BY CATE McQUAID
BOSTON GLOBE
AUG. 12, 2009
PROVINCETOWN—In her Cape Cod landscapes at the Provincetown Art Association and Museum, painter Anne Peretz ties the elemental quality of her material to that of her subjects. She adds sand to her paint as she paints sand dunes. But the topic is more than sand dunes. It’s erosion. Many of her canvases meditate on time and change.
Look at the rush of the unruly beach grass in “Truro Dune #10,” in which a dune rises in restless motion against the brilliant blue backdrop of a calm sea and sky. The dune seems more changeable than the sea behind it.

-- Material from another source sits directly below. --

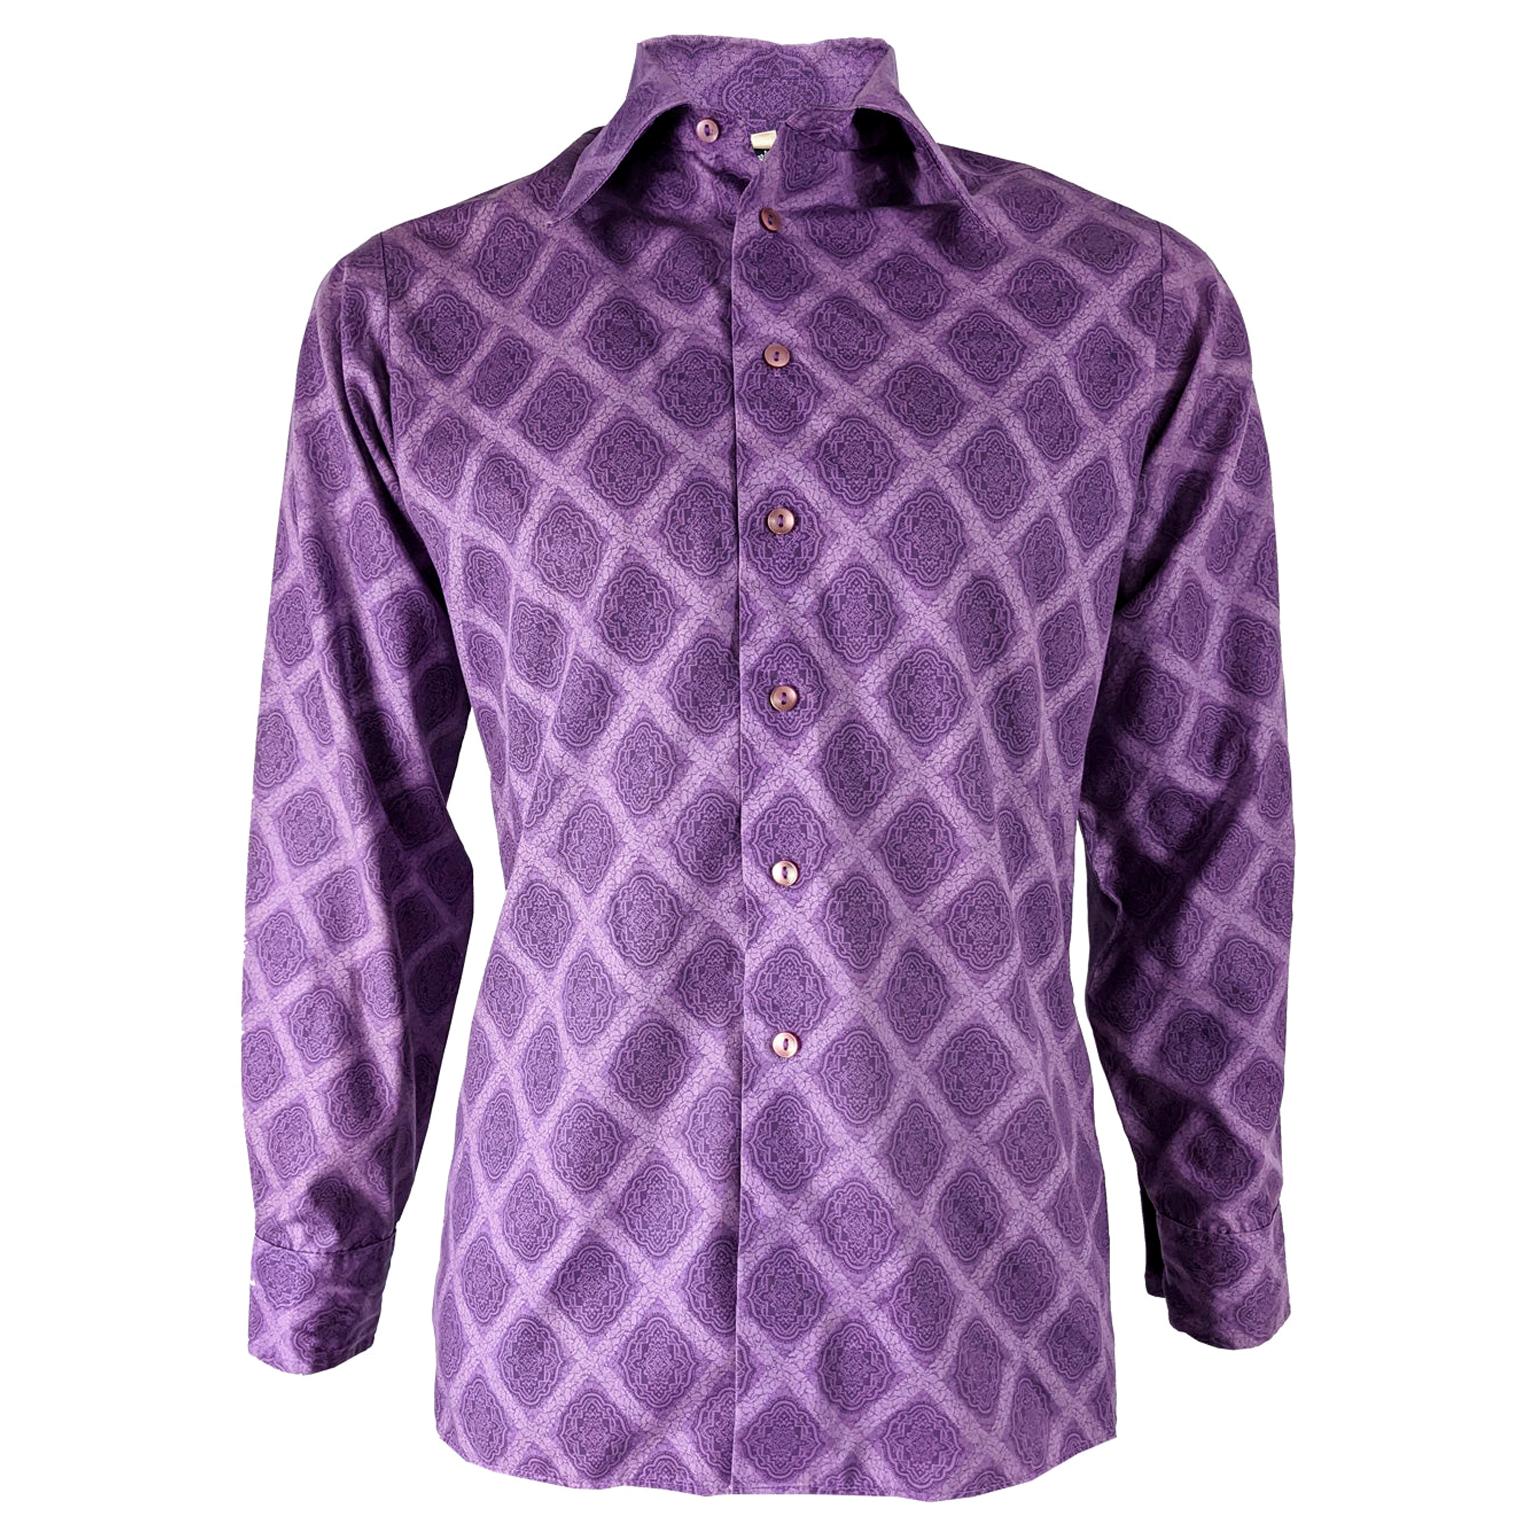 Mens Vintage Purple Mod Fashion Shirt, 1970s

This painting, with its sharp tones, is an eye-catcher, but most of Peretz’s other dune paintings keep to gray weather in works such as “Falling Dune and “Ballston Beach #2.” Peretz’s careful modulations of tone and the pull of a shrub’s exposed roots provide the drama.

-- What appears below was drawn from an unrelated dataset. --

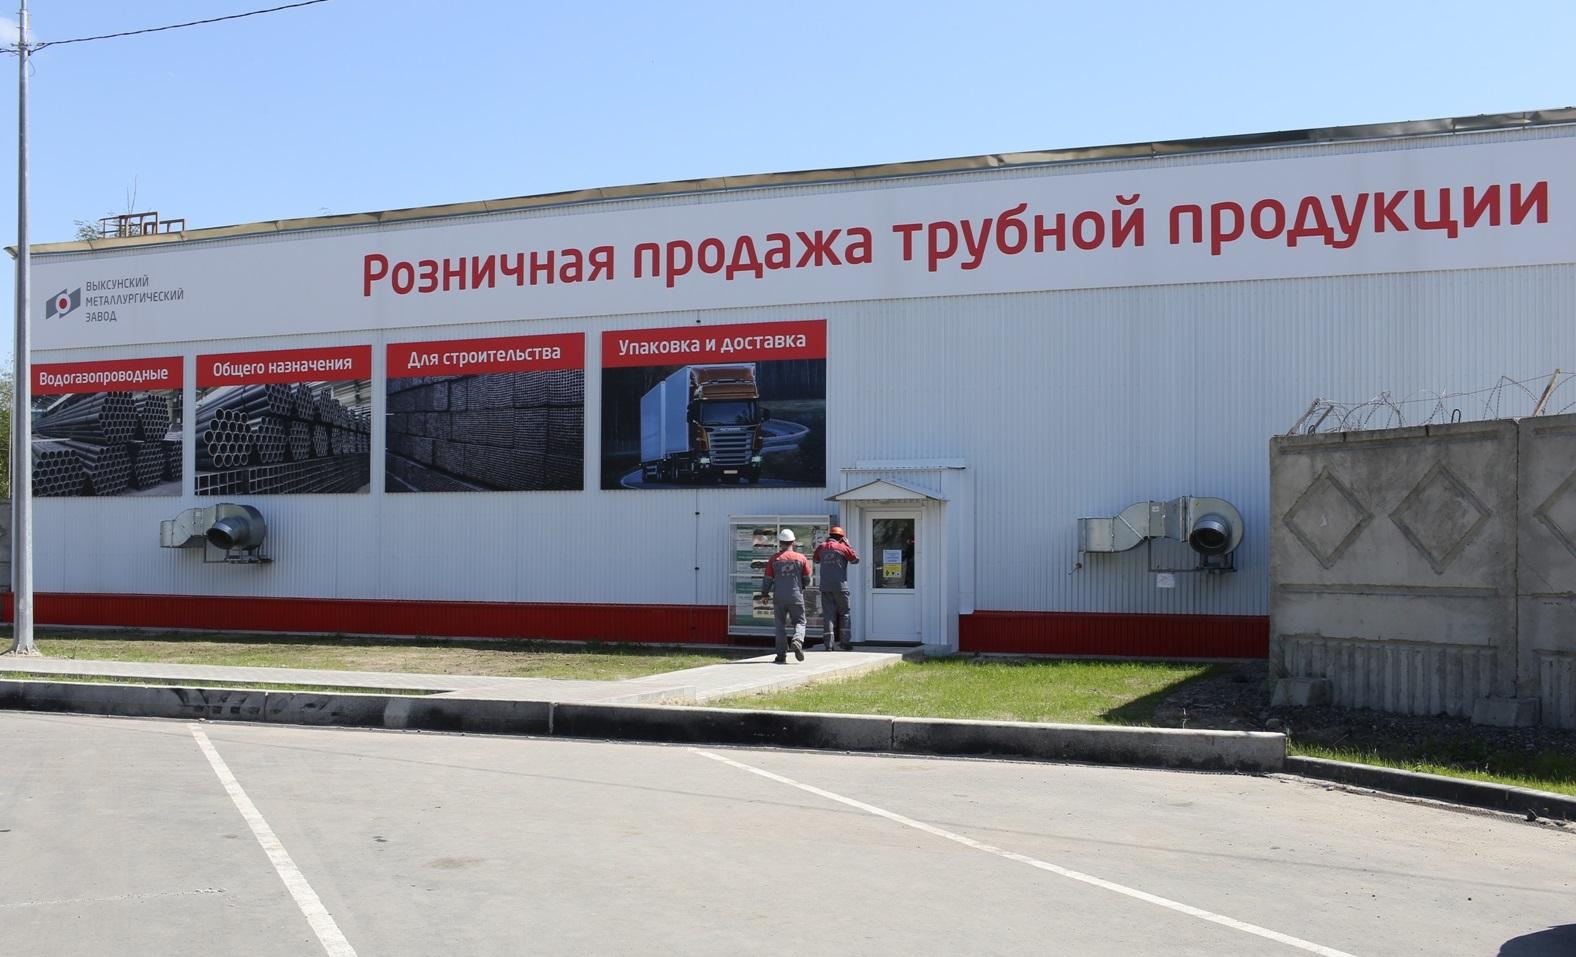 ОМК открыла в Нижегородской области центр розничной торговли трубной продукцией

Peretz, who founded the Family Center in Somerville, has developed a passionate second career as a painter. She often works on a large scale—up to 6 to 10 feet—athletically flinging, scumbling, and spackling her paint. Unlike legions of Cape Cod painters, Peretz doesn’t strive to evoke picture-perfect scenes, but usually turns her eye to humble subjects, such as the old, useless, waterlogged posts that once held up piers in “Provincetown Pilings.” They rise from gray mud and lean into each other like old friends who can no longer stand straight.

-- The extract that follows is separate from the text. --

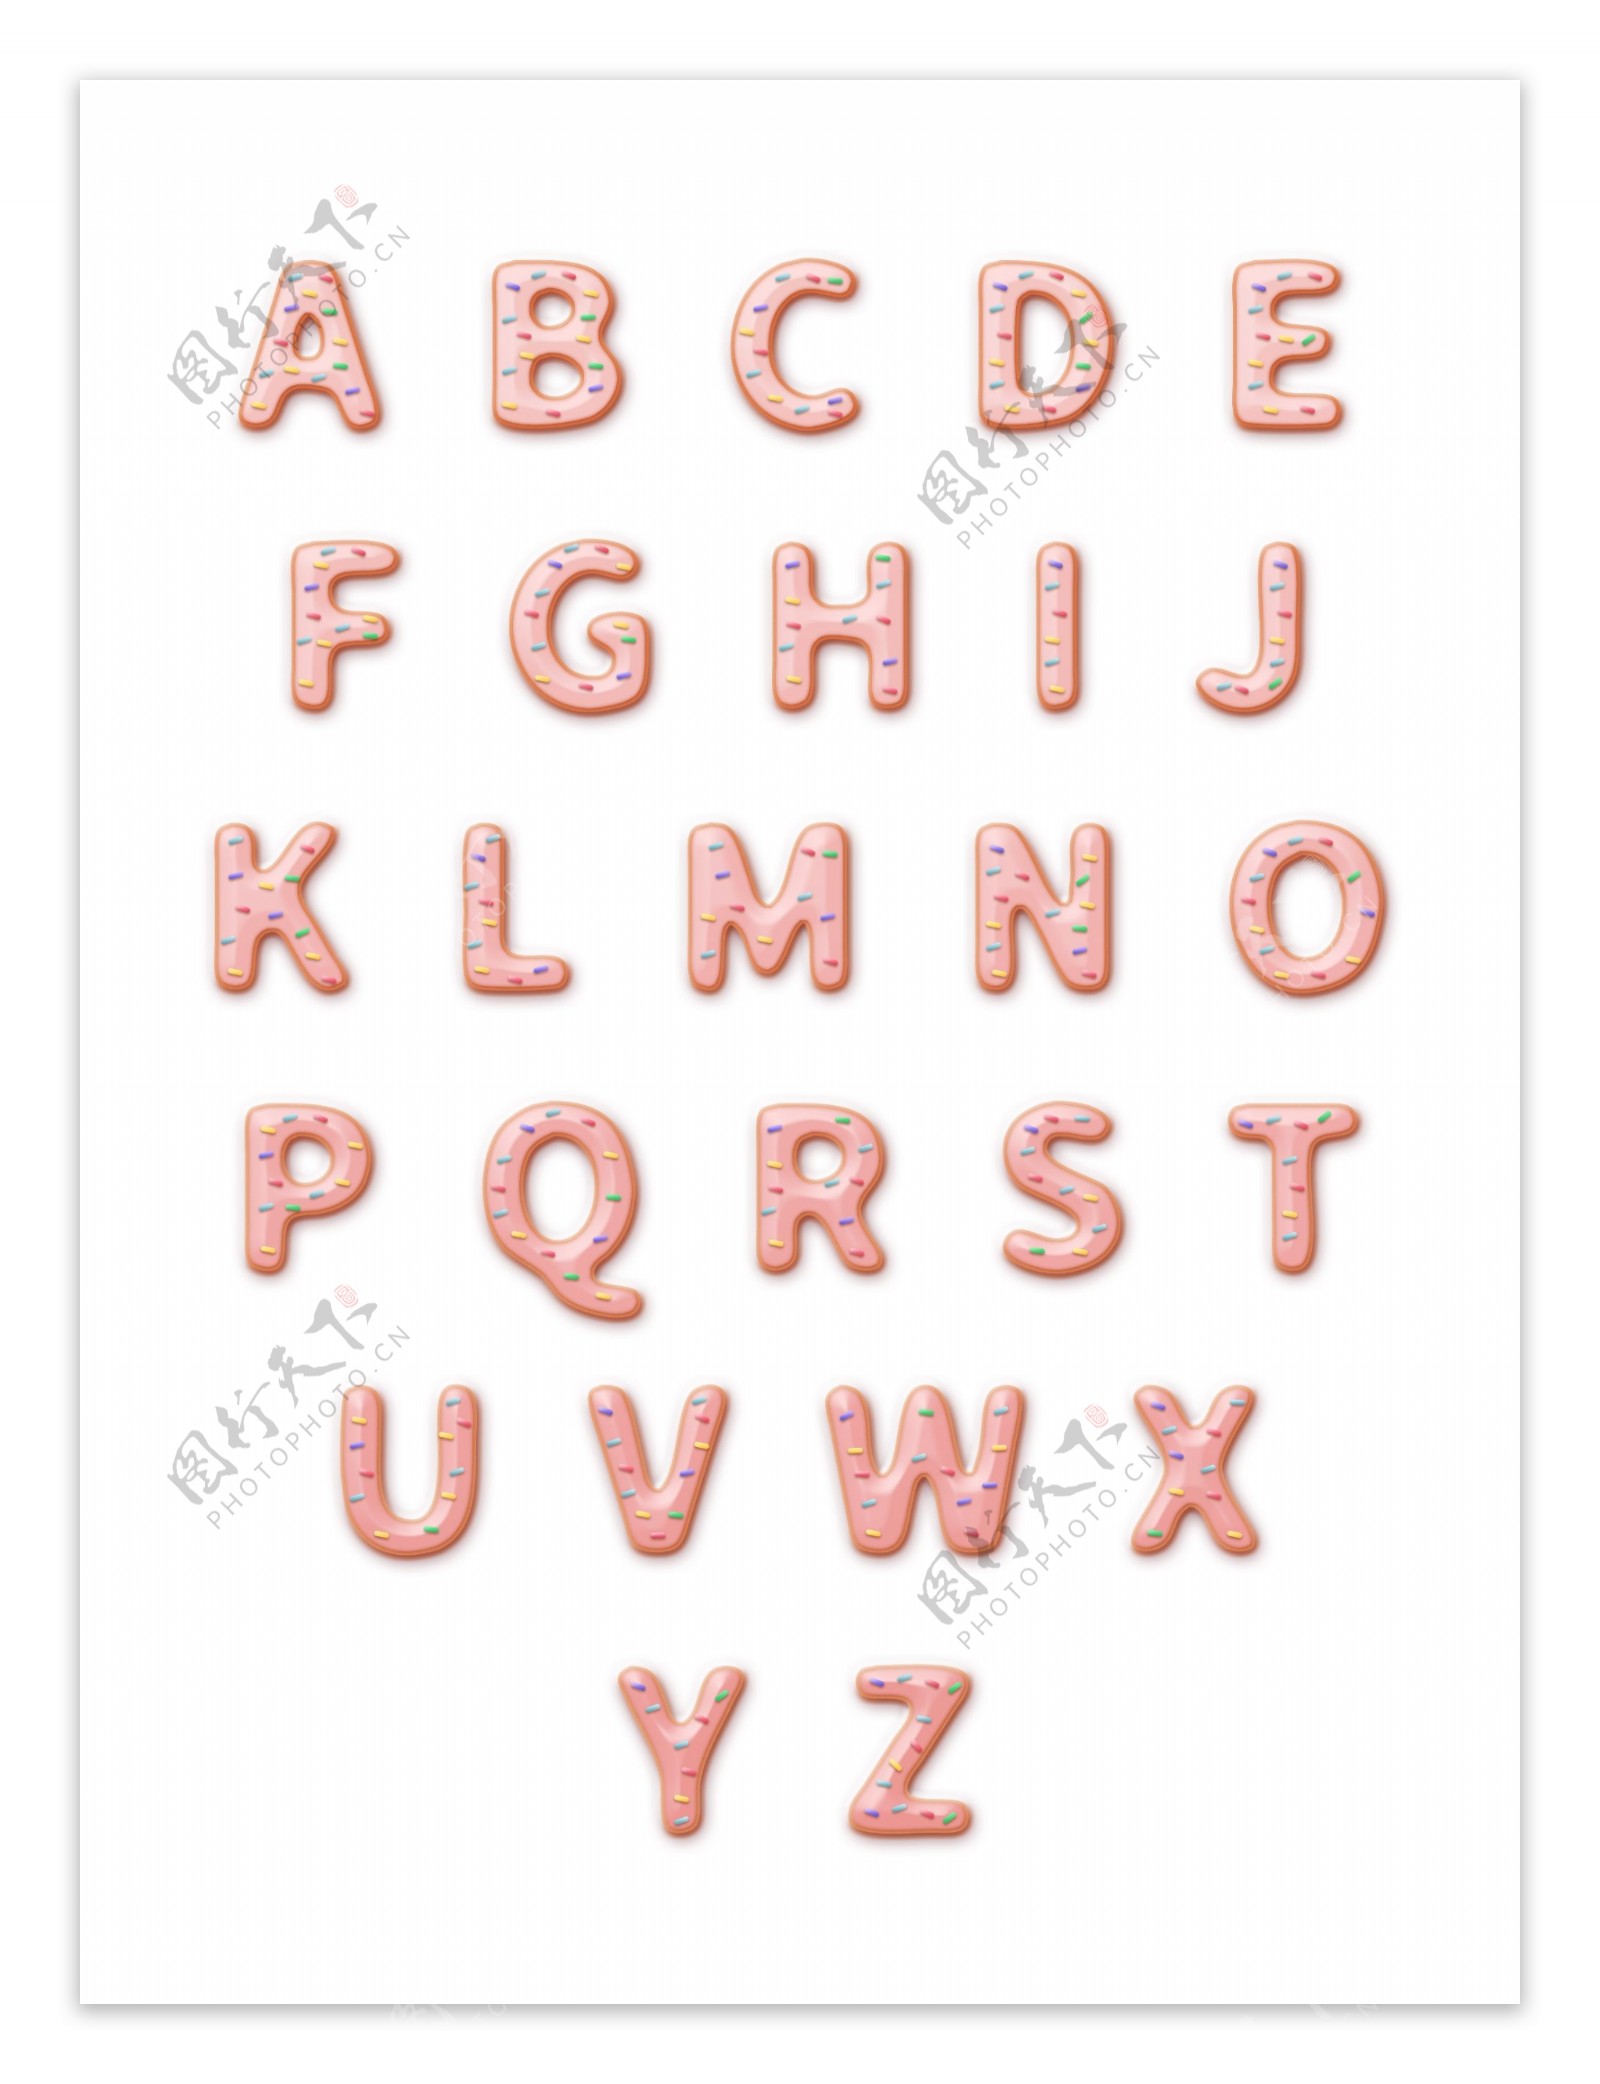 可自由组合的可爱甜甜圈糖衣英文字母

I love the intimacy of Peretz’s smaller-scale pieces, “Truro Pond #3” is all muddy green, its spackled surface delicious with rough dollops and pale, gathering light. It’s as if we’re neck-deep in the pond, watching the sun glint on its surface, sinking our toes in its mud. “Truro Woods #14” shows a grove of gray-green verticals beneath a canopy of daubed olive leaves. But a thick, peachy light marauds between the tree trunks; it has more substance, materially and tonally, than the trees themselves. These canvases, each just 2 feet square, are easier for a viewer to enter than the larger ones. Monumentality can be forbidding.